Shell shares slide despite axing 9,000 jobs

Shell lorry
Shell lorry

Shares in Shell tumbled to a new low on Wednesday after the oil titan announced 9,000 job cuts following a historic crash in oil prices.

Europe's largest oil company is culling 10pc of its workforce following a vow earlier this year to embrace green energy and slash its carbon emissions to net zero by 2050, in the latest sign of seismic changes sweeping the oil industry.

Shell launched an extensive review last month aimed at restructuring the company in response to low oil prices following a Covid collapse in demand, and the shift to a post-oil world where fossil fuel drilling becomes less lucrative.

The firm has said the job cuts will help it save up to $2.5bn (£1.9bn) annually by 2022.

Much of these cuts will come from Shell's upstream division, company sources said, signalling a lasting move away from the business of drilling for oil.

The axe is likely to fall hard on  Shell's 6,500 staff who work on North Sea upstream projects, which aim to open up new sources of oil.

Oil companies have been under tremendous pressure this year after the coronavirus pandemic triggered a collapse in prices, with the International Energy Agency (IEA) describing April as the worst month ever for the industry.

Ben van Beurden, chief executive of Shell, said: "Make no mistake: this is an extremely tough process. It is very painful to know that you will end up saying goodbye to quite a few good people."

The news comes five months after Shell slashed its dividend for the first time since the Second World War in response the crisis.

The company's A shares fell 2pc to 963.9p - below their March nadir of 970.8p - while the B shares dropped 1.7pc to 940.2p.

Mr Van Beurden is to take direct control of multiple Shell divisions of  in an effort to simplify its operations and shore up its finances. He hinted that this would include technical staff, the mergers and acquisitions team and the marketing division.

He said: "We have looked closely at how we are organised and we feel that, in many places, we have too many layers in the company.

"Too many levels between me, as the chief executive, and the operators and technicians at our locations."

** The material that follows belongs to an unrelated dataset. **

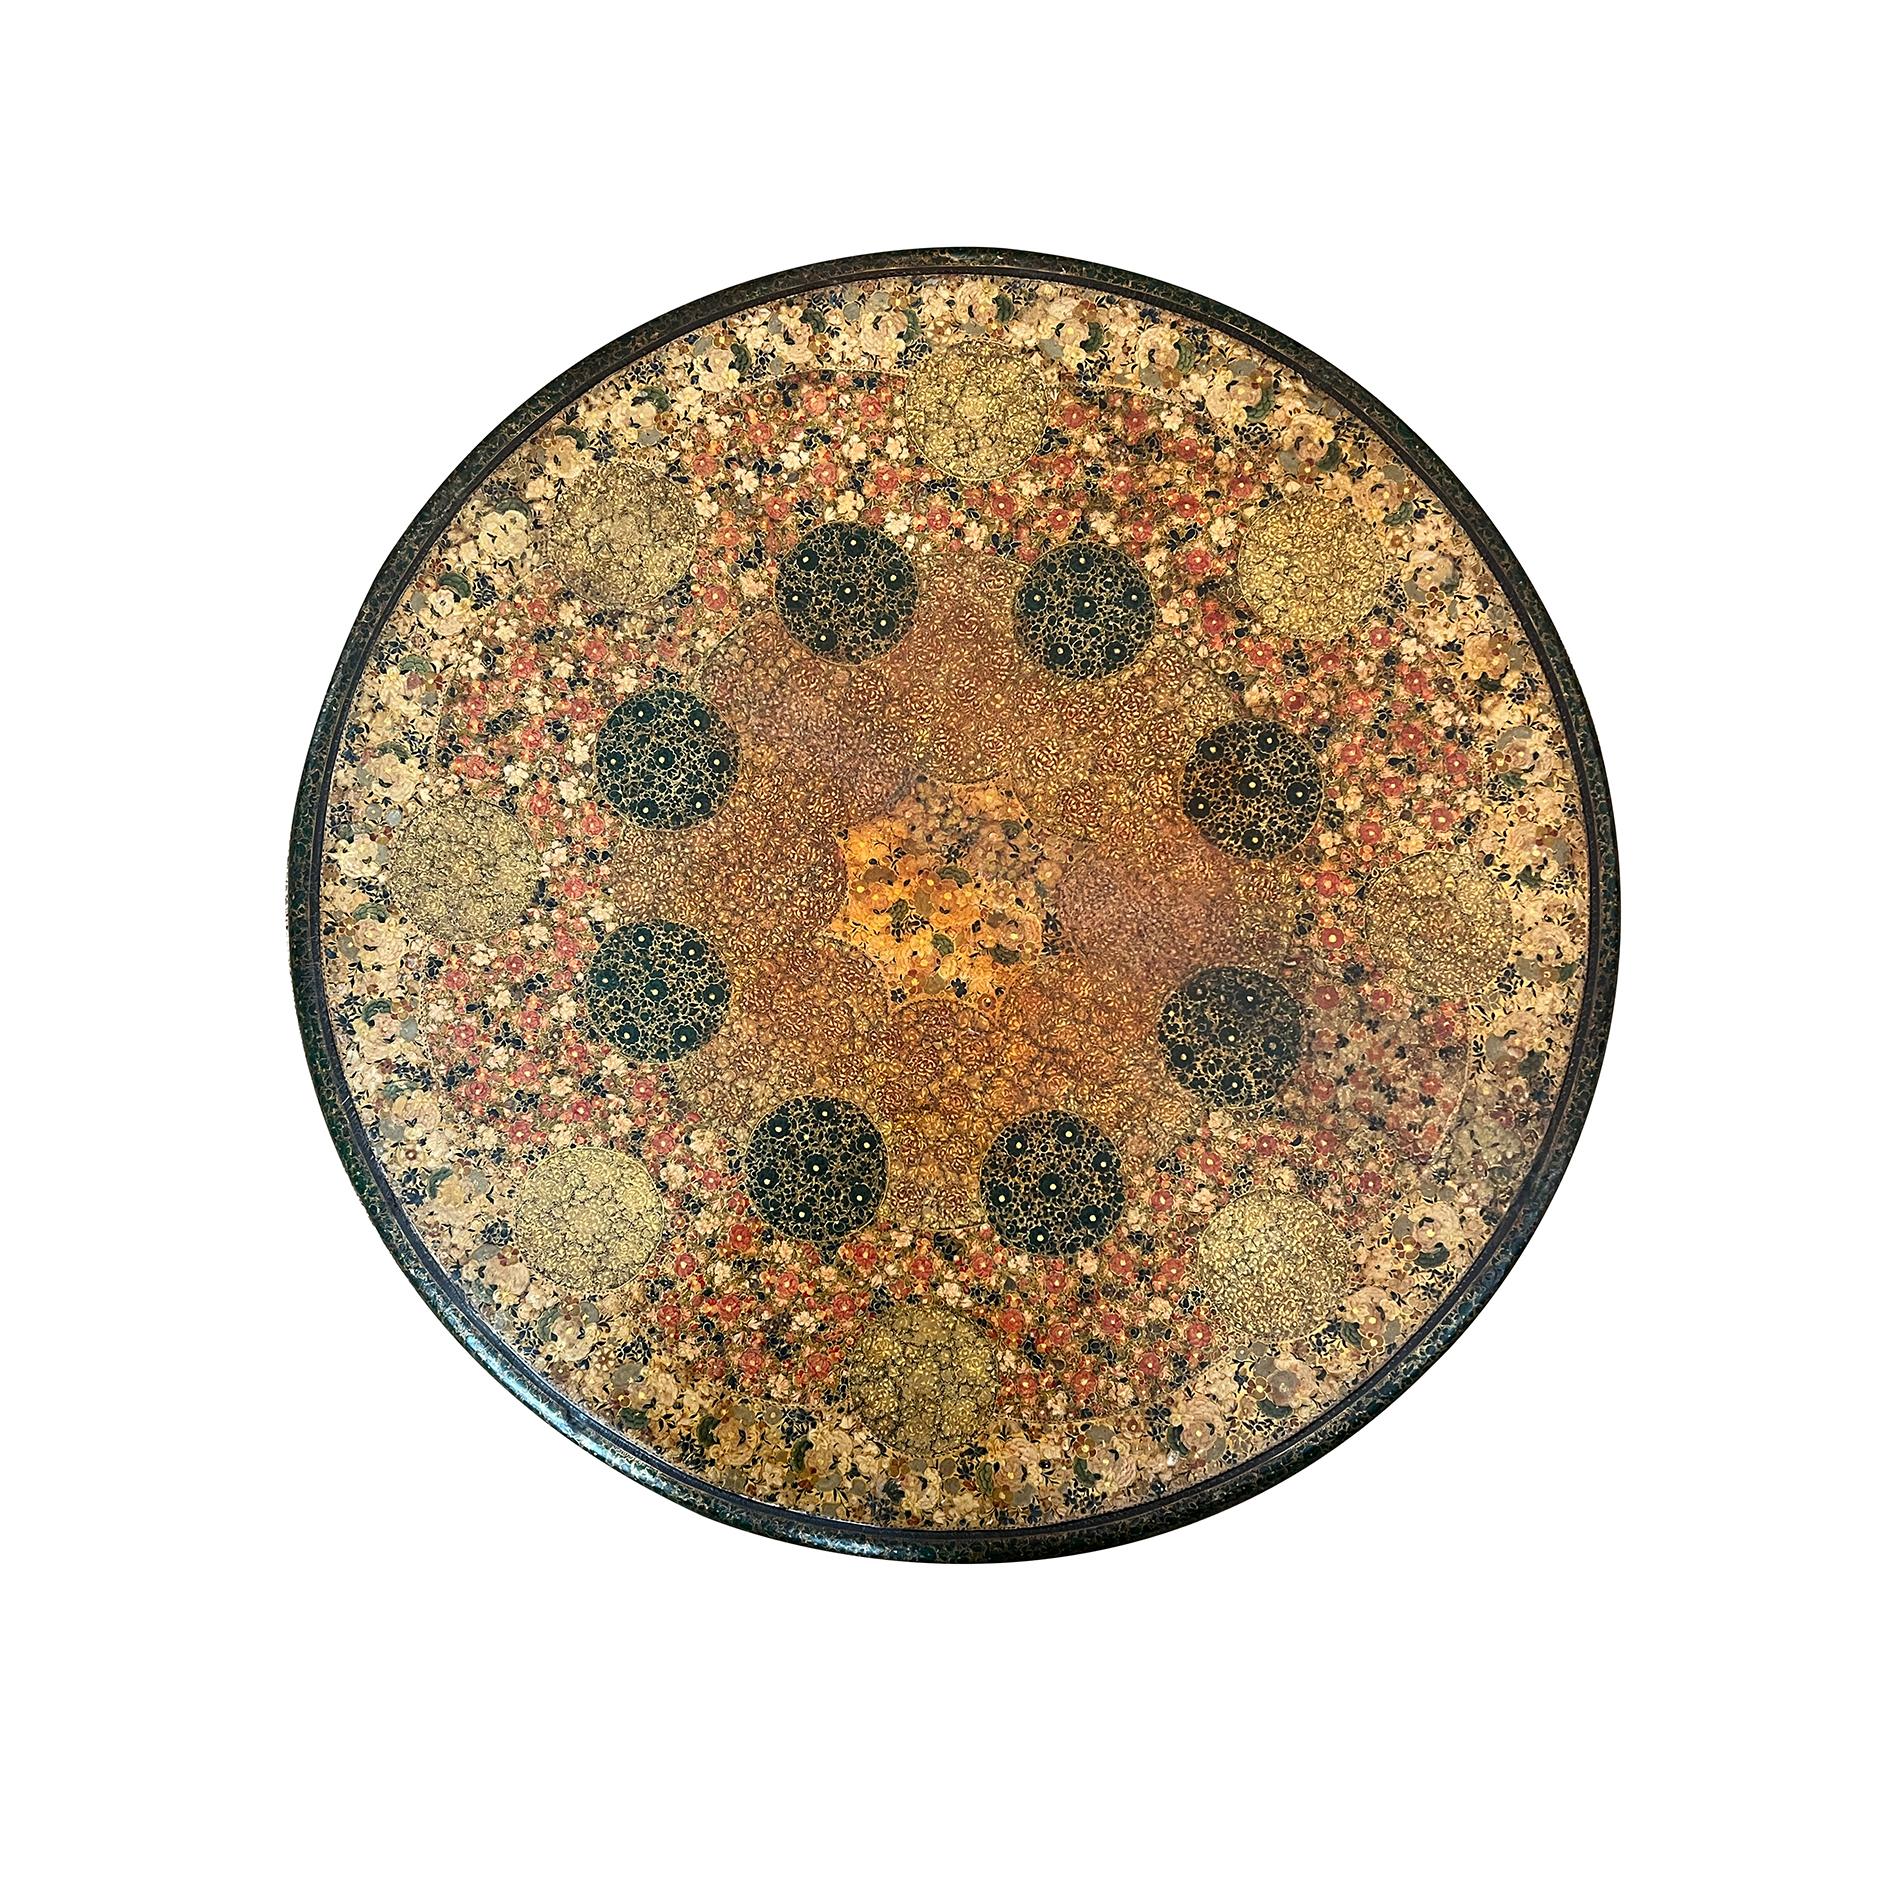  die runde Platte mit Viertelkante über einer flachen Schürze, die auf formschönen Cabriole-Stützen ruht; insgesamt reich verziert mit polychromen und vergoldeten Blumen und Blättern in traditioneller Manier

Shell also issued a stark trading update ahead of its third quarter results at the end of October. Its prized upstream division is expected to post a loss after warning of significantly lower oil production for the quarter.

Output levels have been sharply reduced over the three months after hurricanes and measures related to the pandemic forced the closure of several offshore platforms owned by the group.

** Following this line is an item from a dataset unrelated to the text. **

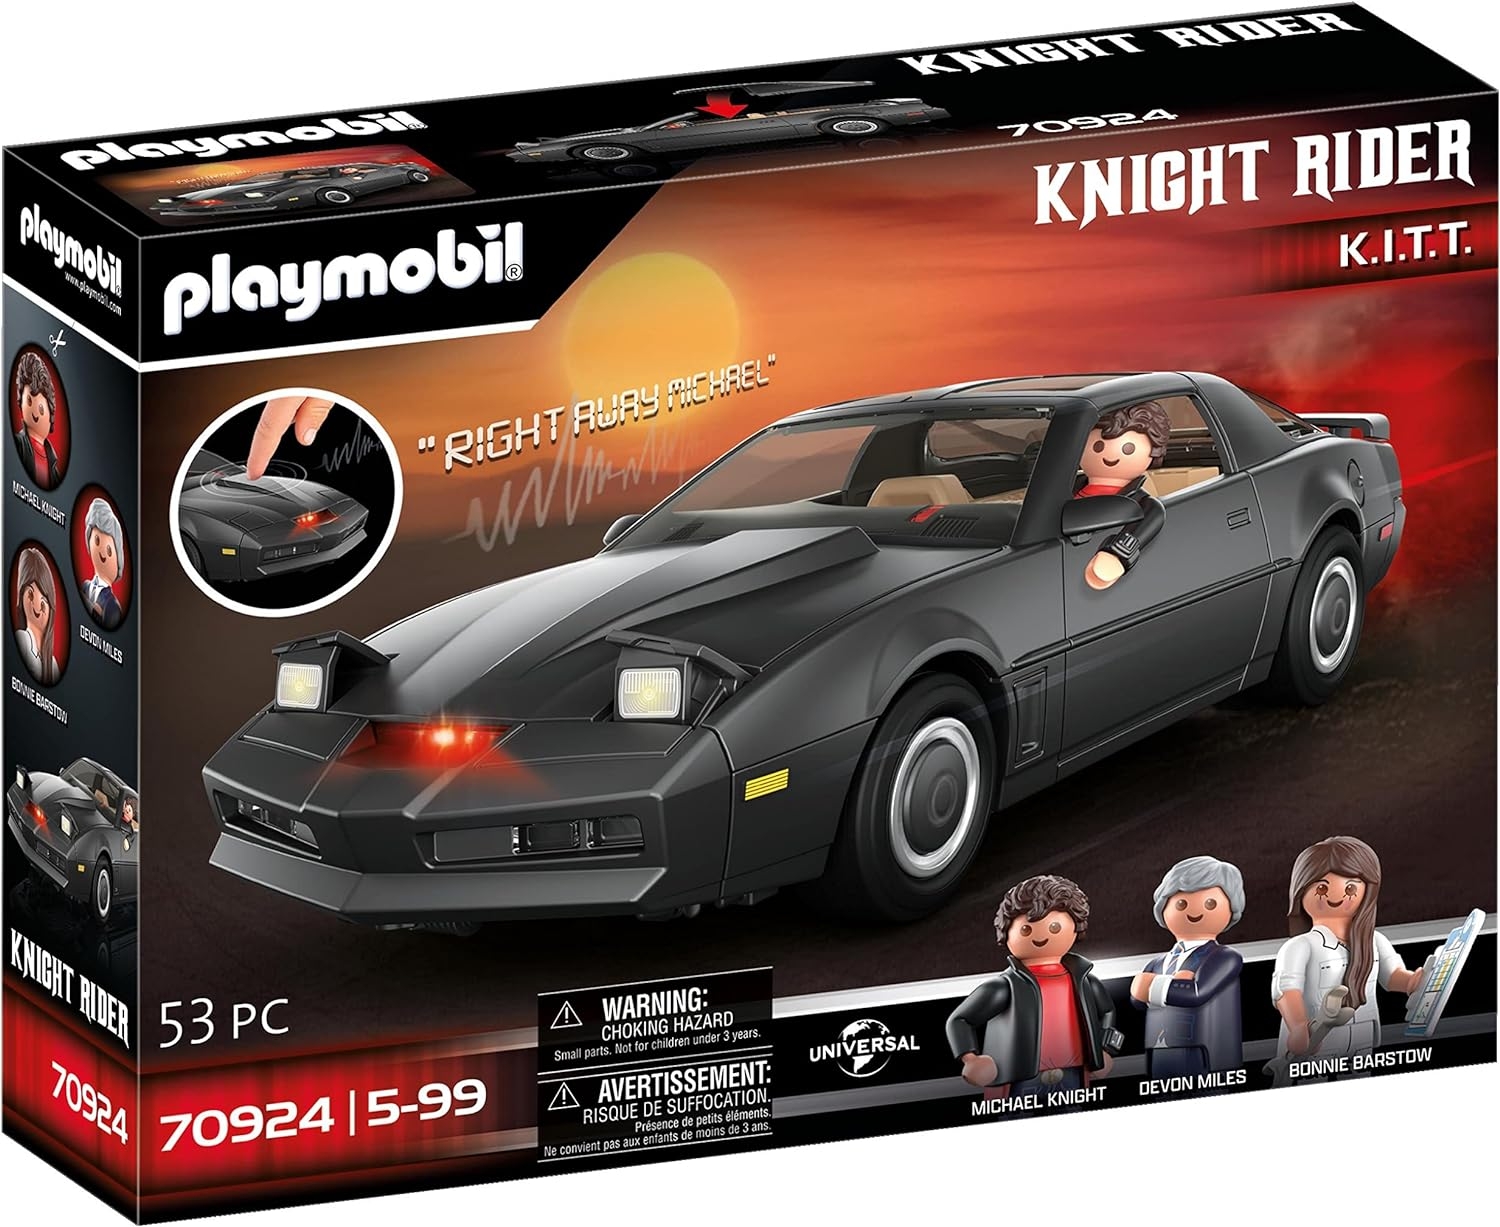 Playmobil%2070924%20Knight%20Rider%20-%20K.I.T.T.

Mr Van Beurden said on Wednesday that 12 people working for the company had died of Covid-19 since the start of the pandemic.

Meanwhile Shell said its chemicals business, gas division and oil products unit will suffer a one-off earnings hit from tax charges to the tune of hundreds of millions of dollars.

Some experts are worried that the jobs lost this year from the oil industry may never return as the fossil fuel industry shrinks permanently due to the rise of alternative energy sources. Rival oil major BP said earlier this year that following more than a century of steady growth, the world has likely now passed peak oil demand.